*** Block opens ***

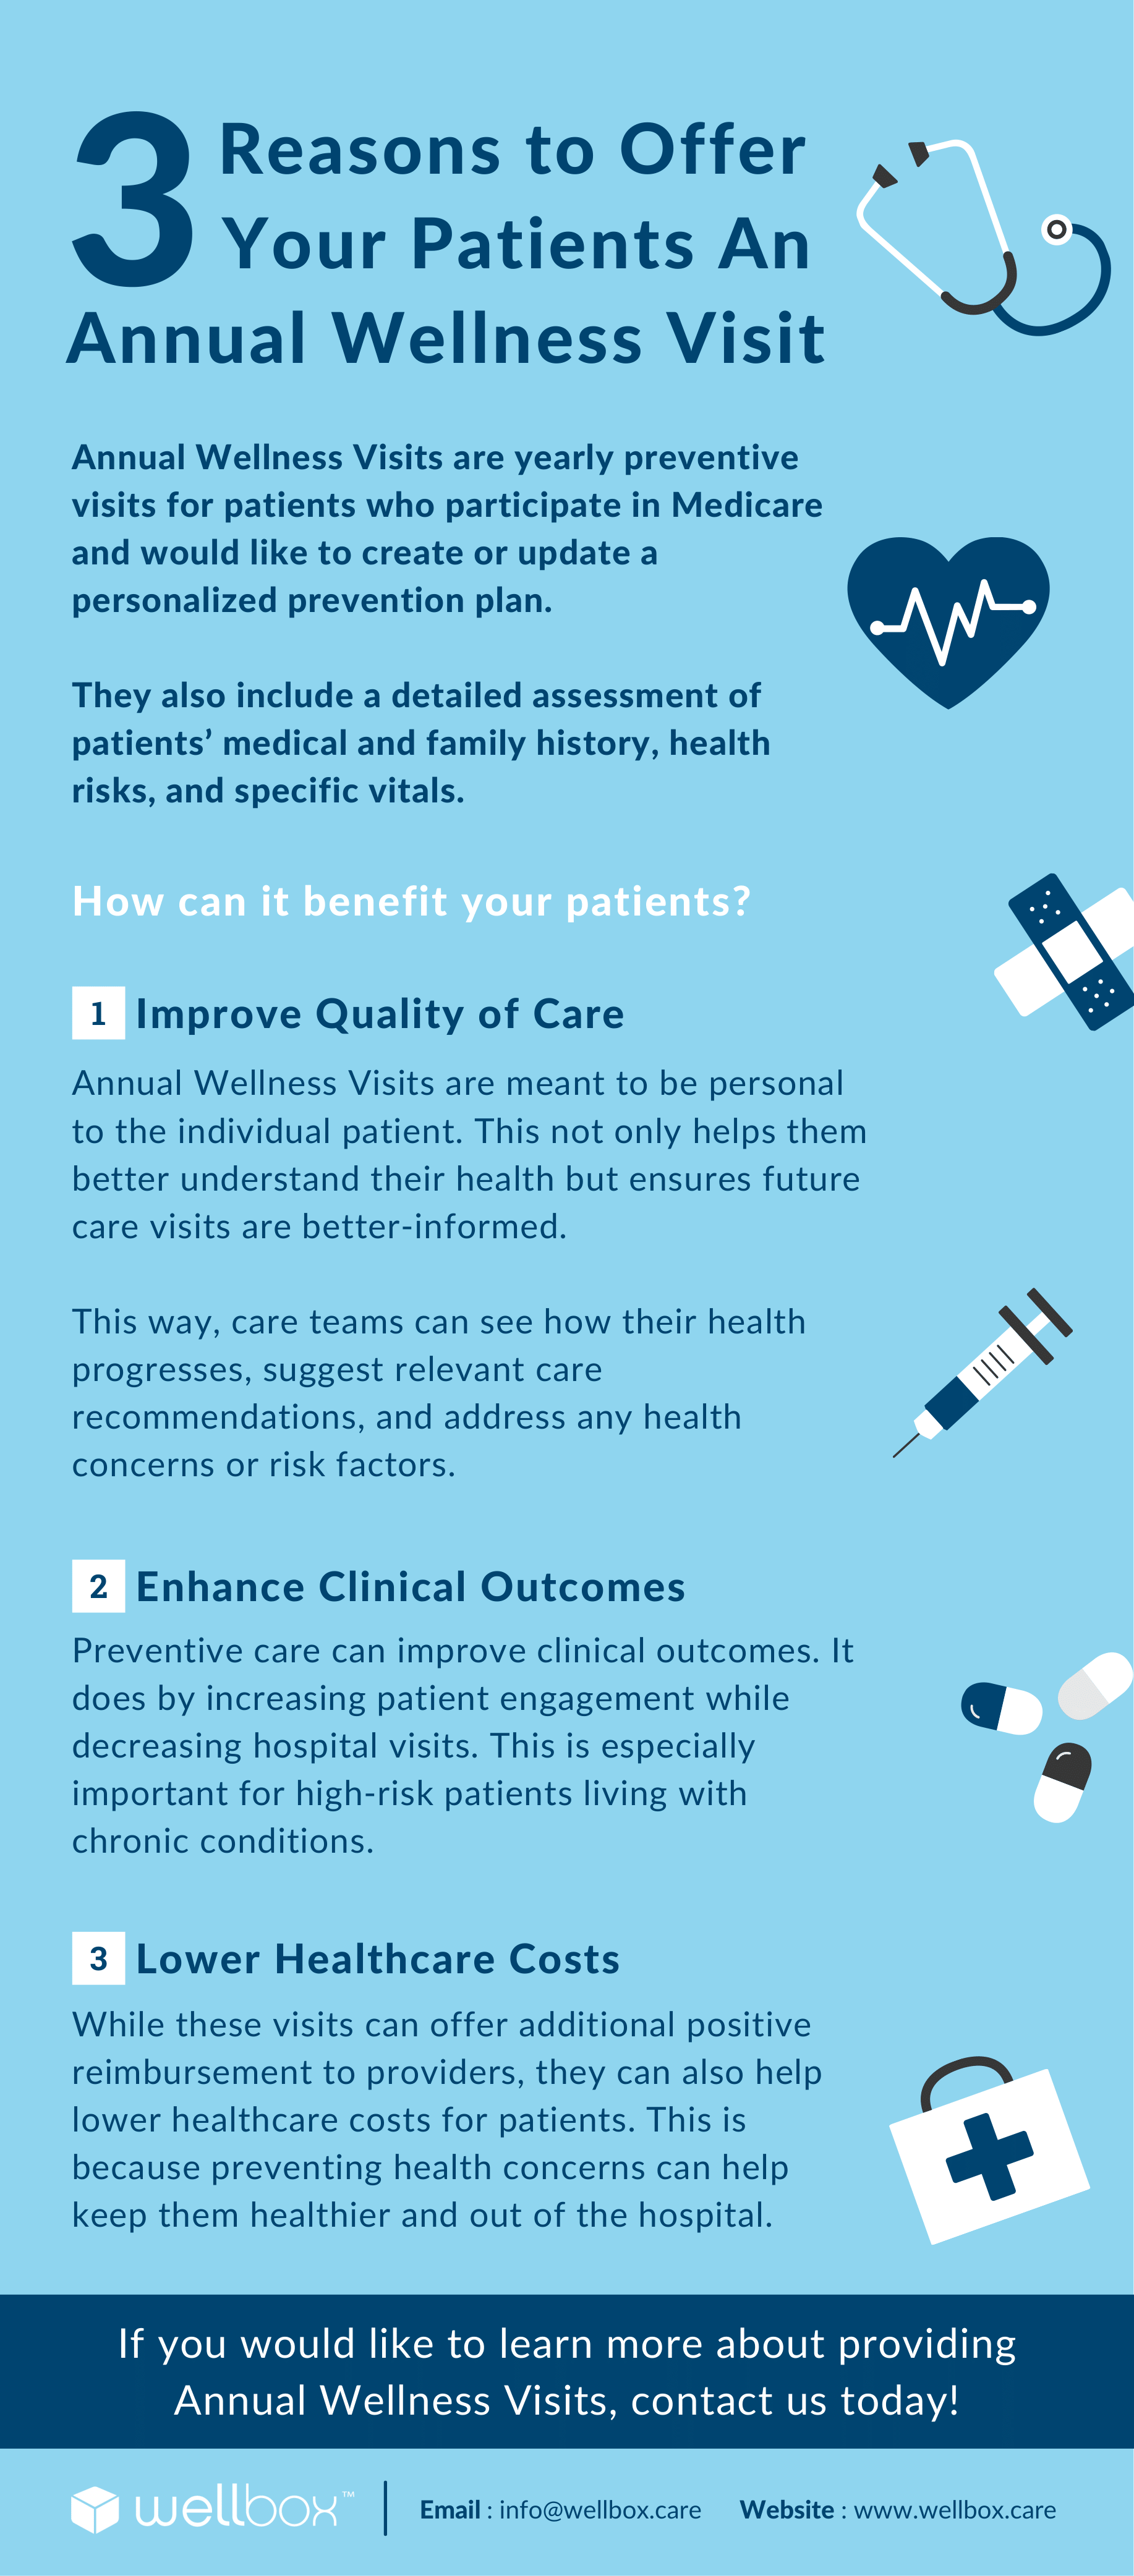 Check out the infographic to learn more about the benefits Annual Wellness Visits can offer your patients.
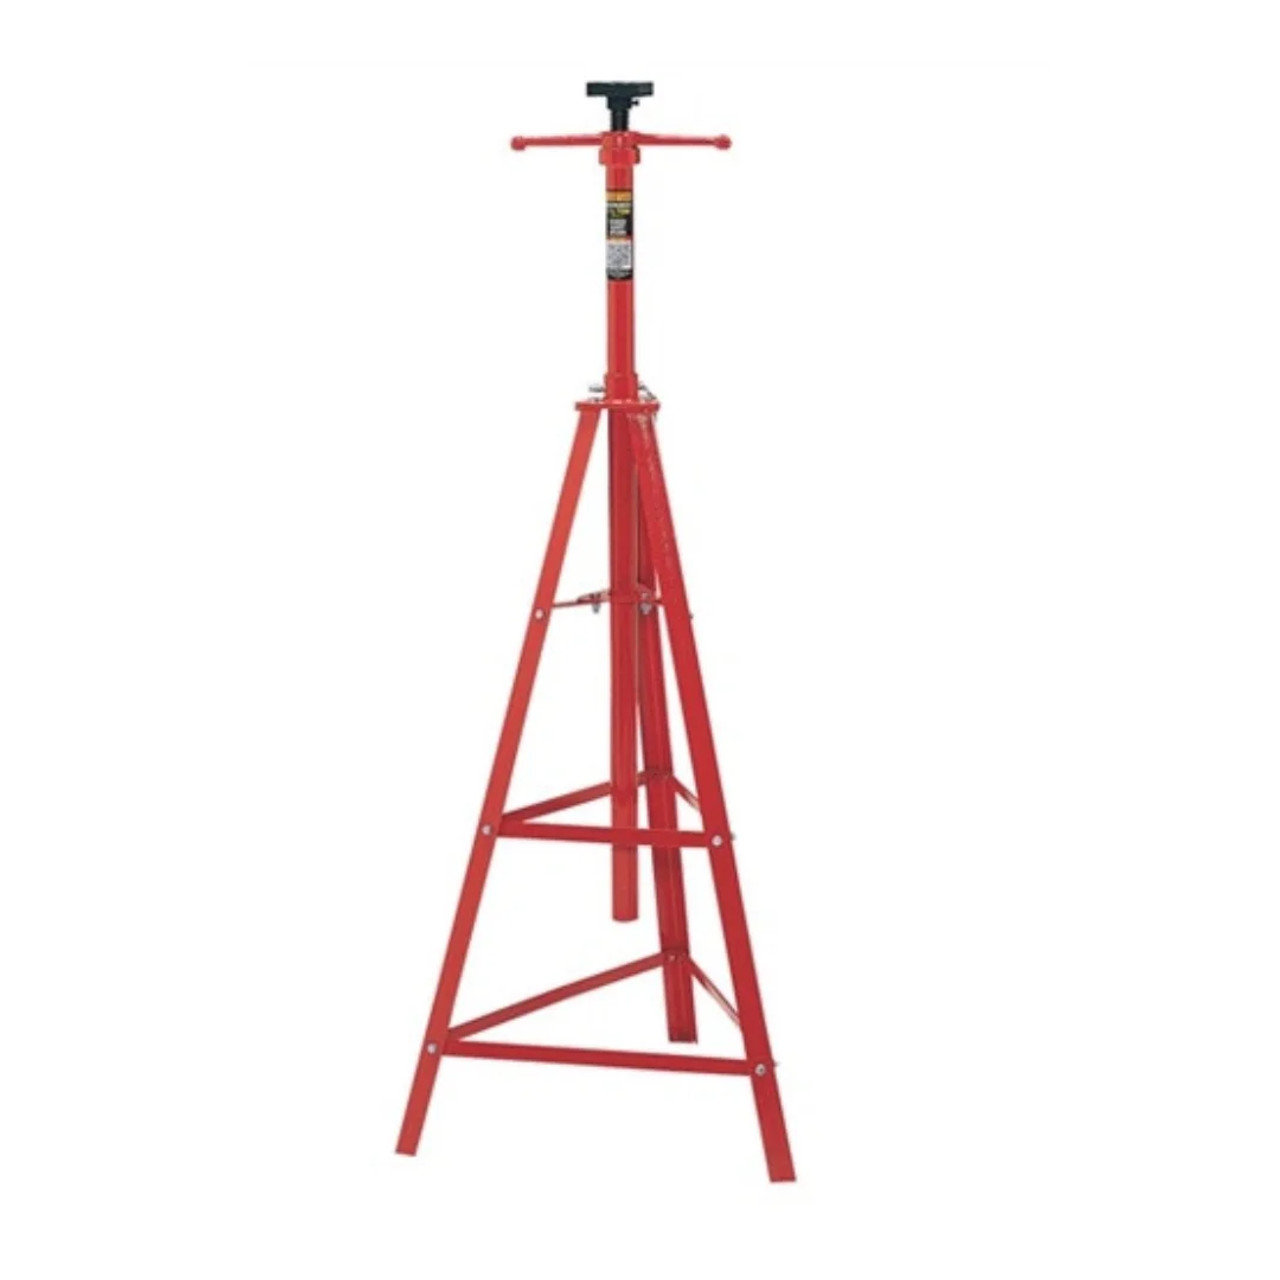 Norco 81035A 1-1/2 Ton Capacity Under Hoist Stand
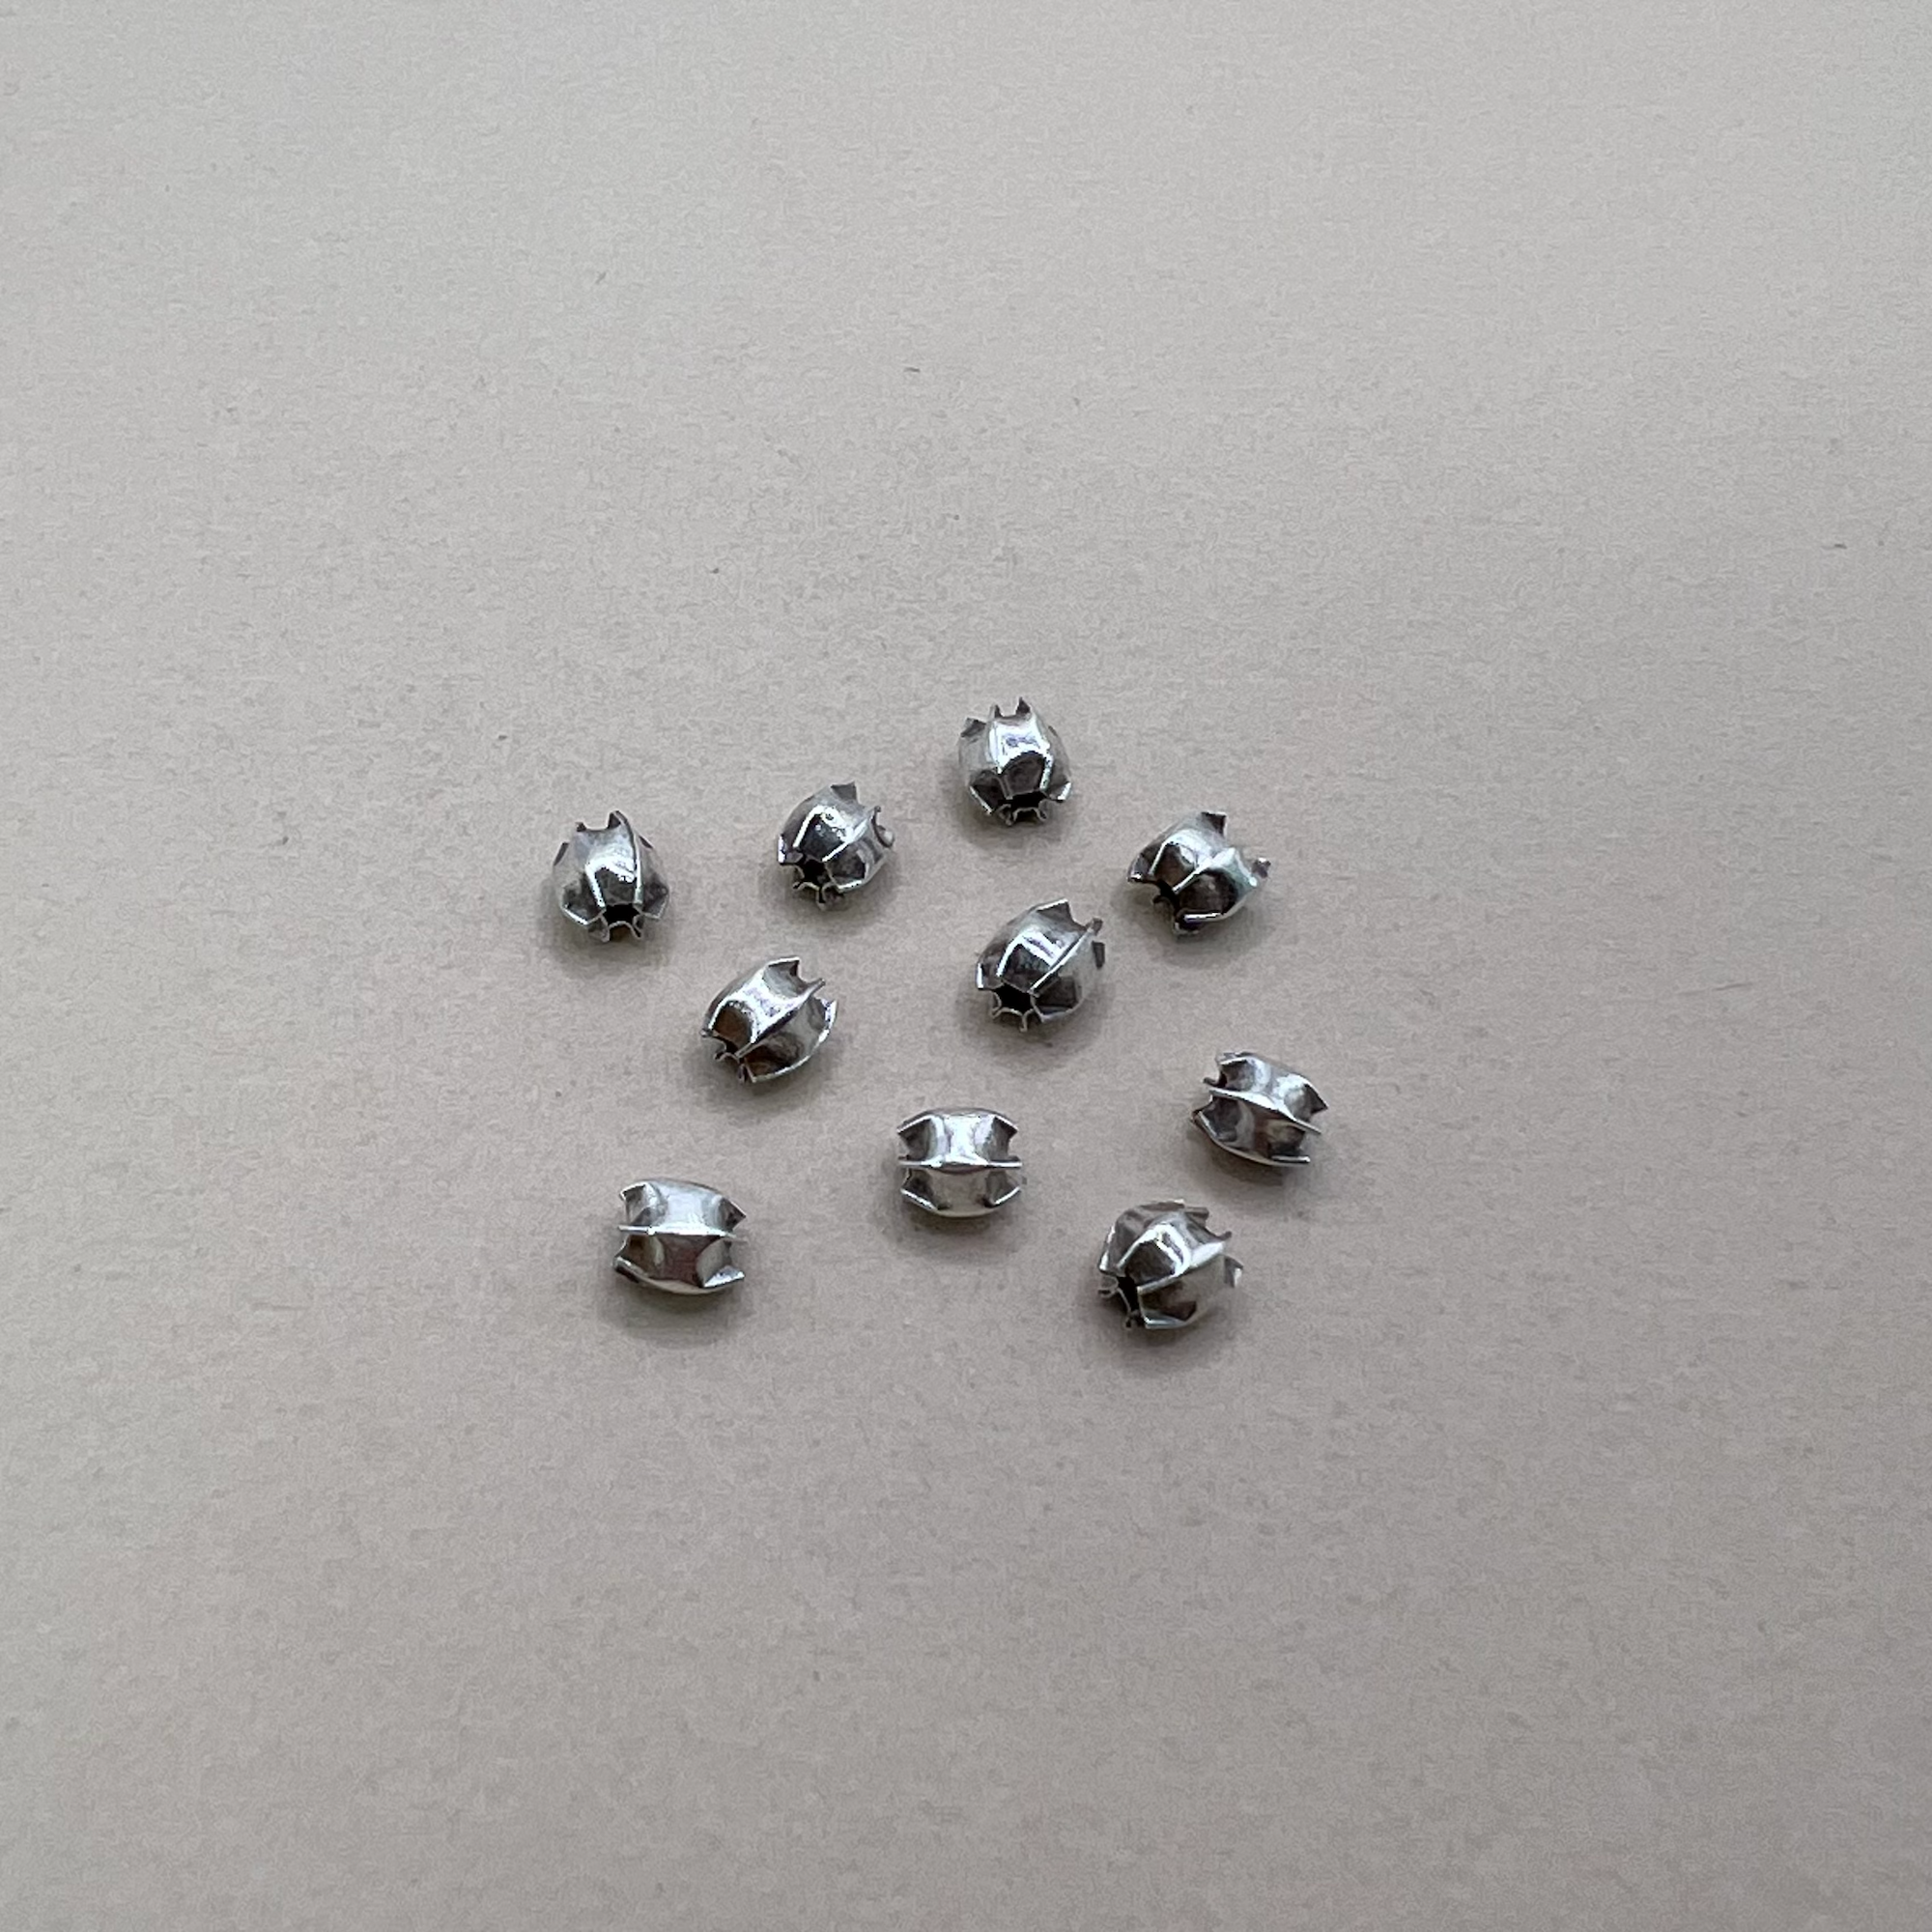 Hill Tribe Fine Silver Pinched Tube Beads - 10 Pieces

*** Block closes ***

| How to complete this task |
Copy out the whole listing exactly. Skip its pictures.

| Reply to the task |
 Check out the infographic to learn more about the benefits Annual Wellness Visits can offer your patients.
 Norco 81035A 1-1/2 Ton Capacity Under Hoist Stand
 Hill Tribe Fine Silver Pinched Tube Beads - 10 Pieces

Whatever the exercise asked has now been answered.